A Dollars and Sense Life Lesson

My daughter has $3 burning a hole in her pocket. Actually, she keeps it in the car, in her cup holder, in case we go somewhere and she remembers that she has it and she decides she wants to buy something.

My daughter is a money novice. She’s collected money in a piggy bank for awhile, but that’s about it. This past spring, she worked toward earning her first solo toy purchase. She kept her tooth fairy money, did some odd jobs and collected a few dollars in her Easter cards. She picked out the doll on one shopping trip, and held tight to the idea of saving the money for it for nearly two months. I thought we were on to something.

Then she went on a field trip to the zoo with her day camp. Apparently, we missed the memo where the kids were allowed to bring spending money on this excursion. I didn’t hear anything about the wonderful treats and fabulous toys her friends were able to buy the day of the field trip, but when we returned to the same zoo as a family, she was ready to bargain for some treats herself.

“All of my friends got to buy ice cream except for me and Ben. We were the only ones who didn’t have money for ice cream.”

“In the gift shop, Mommy, they have the cutest baby foxes for stuffed animals!”

“Do you see that juice bottle shaped like a lion? My friend Emma bought one. I didn’t have any money to buy one.”

“Those Dippin’ Dots, they are $3. I have $3 you know.”

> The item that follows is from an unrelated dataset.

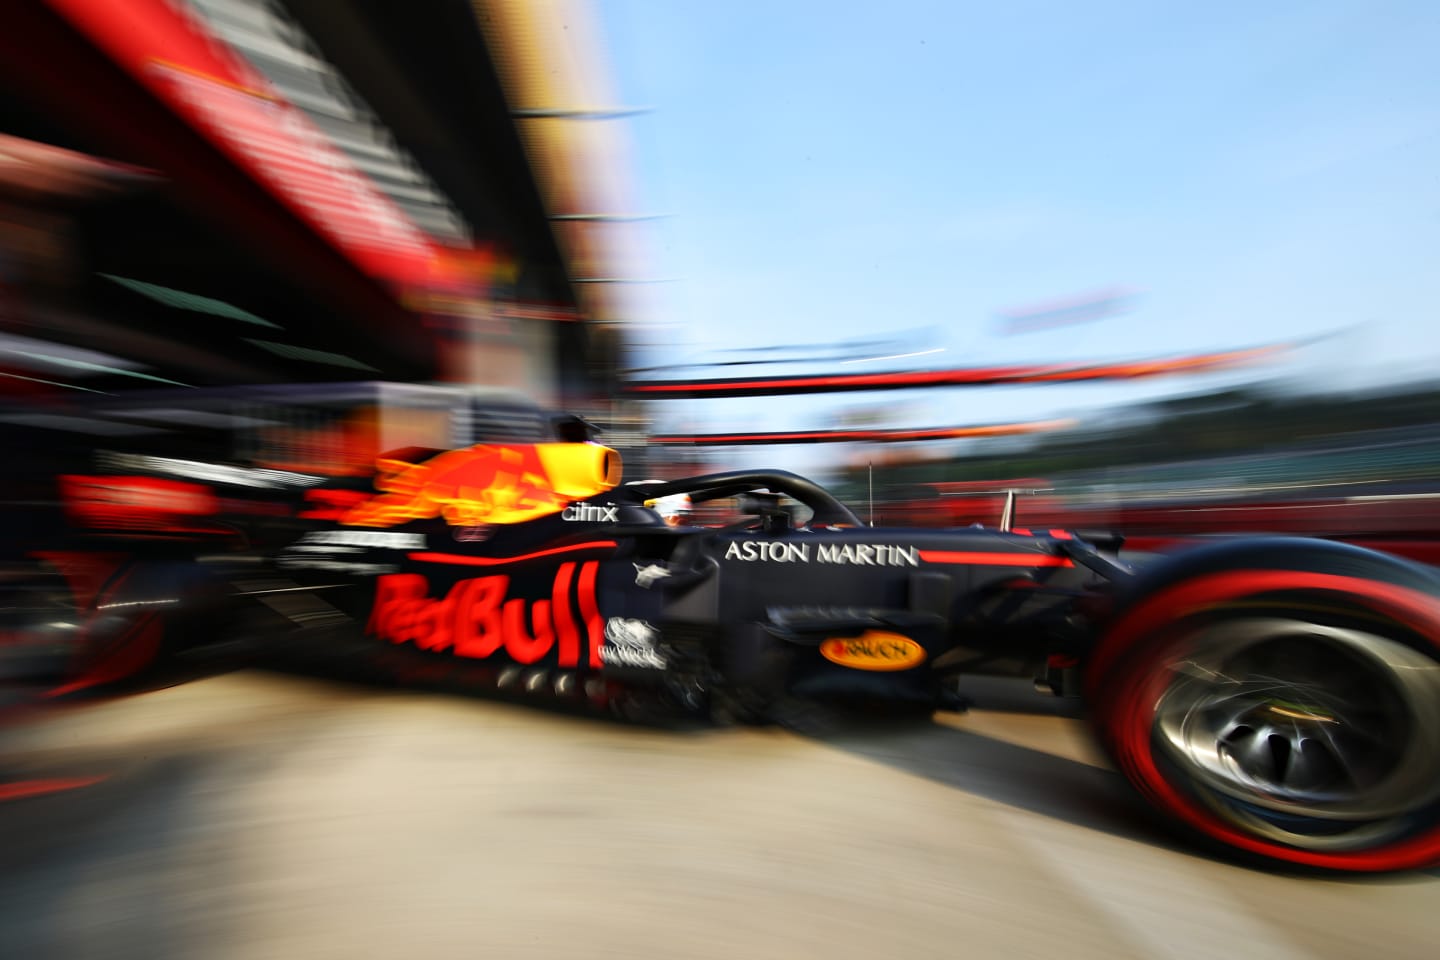 IMOLA, ITALY - OCTOBER 31: Max Verstappen of the Netherlands driving the (33) Aston Martin Red Bull

Oh my. Yes, she was well versed in all the ways one could spend money at the zoo. But here’s the thing- our family doesn’t buy those sorts of things. When we were at the zoo at Christmas, we skipped the $5 hot chocolate for sale there and went through a drive through on the way home. Cost of two hot chocolates, one coffee and one Coke? Right around $5. We tried to use the hot chocolate as an example, but even today, three weeks after the field trip, she’s still hell bent to spend her $3 on that ice cream.

Me: “Once you spend that money, Little Sally J, then it’s gone and you won’t have it anymore.”

LSJ: “I know that mom, but I really want to try that ice cream.”

Me: “You know, we could get a lot more ice cream at the store for $3.”

LSJ: “I know that, but I really want the ice cream. Besides, when I buy it, they’ll give me more money.”

Me: “What do you mean? Once you spend that $3, then you don’t have it any more. You’ll have to lose more teeth or do more work the get more money.”

LSJ: “No mom, when you buy things they give you some money back.”

Me: “Oh, well, that’s actually the change. If something was $3 and you paid for it with a $5 bill, they’d give you the $2 back. That’s making change, that’s not getting more money.”

LSJ: “I still really want that ice cream.”

So, what were your first independent purchases as a kid? Were you allowed to spend your money on random everyday crap or did you work toward earning something specific? Parents, what do you do with your own kids?

6 replies on “A Dollars and Sense Life Lesson”

I think you have to be really careful with money bargaining. One of the reasons my mother is overweight is because she can’t stand to “wastefully” toss leftovers. She wears clothes well beyond their expiration dates. And yes, she follows the same logic you do about being able to buy ice cream at the grocery store. The issue there is that your kids don’t want the ice cream from the store; you’re better off saving all your money and not buying ice cream at all if you’re not buying them the one they want. It’s a quality over quantity thing. You end up with a fridge stocked full of cheaply-bought food that no one’s going to eat.

My son is 7 and plays wizard101 which is an online based MMORPG (Massively Multi-Player Online Role Play Game) – yeah we teach ’em early to be nerds in our house. It’s a child safe gaming website where kids create wizard characters and fight bad guys in battles. There are some great reviews of the game for anyone who has a tech-savvy kid between 5-11 years old.

To the point, there are items in the game that cost “Crowns”. These are only obtained by buying game cards at places like Game Stop or Target. They are like a gift card that can only be used for Wizard101. Anyway, they come in three denominations, $10, $20, and $39. He is pretty good about saving up his allowance, birthday, tooth fairy etc. money and buying them.

My son is almost 4, and he is learning these lessons. A few weeks after he started getting money to spend, he picked out some candy at the store. He got chocolate flavored Necco wafers, and he was not thrilled. I knew he wouldn’t like it, but I let him buy it and he learned that just spending money isn’t all he thought it was.

I have been thinking about this a lot lately because my teenagers are old enough to start thinking about jobs. I’ve heard from a few different sources that it’s a bad idea to let teenagers do whatever they want with their money once they start getting a paycheck. It ill prepares them for real life when they get a paycheck that has to pay for bills and rent and whatnot, with a much smaller percentage going toward buying fun stuff. I’d suggest doing what they recommend, have her put at least half of whatever money she gets into a saving jar for her doll and let her do whatever she wants with the rest. It’s hard to let your kid spend $3 on a fancy ice cream when you know that she could get more bang for her buck by waiting till you leave the zoo, but in the end it’s her money to spend as she likes. Sometimes the only way to learn the lesson is to make the mistake yourself.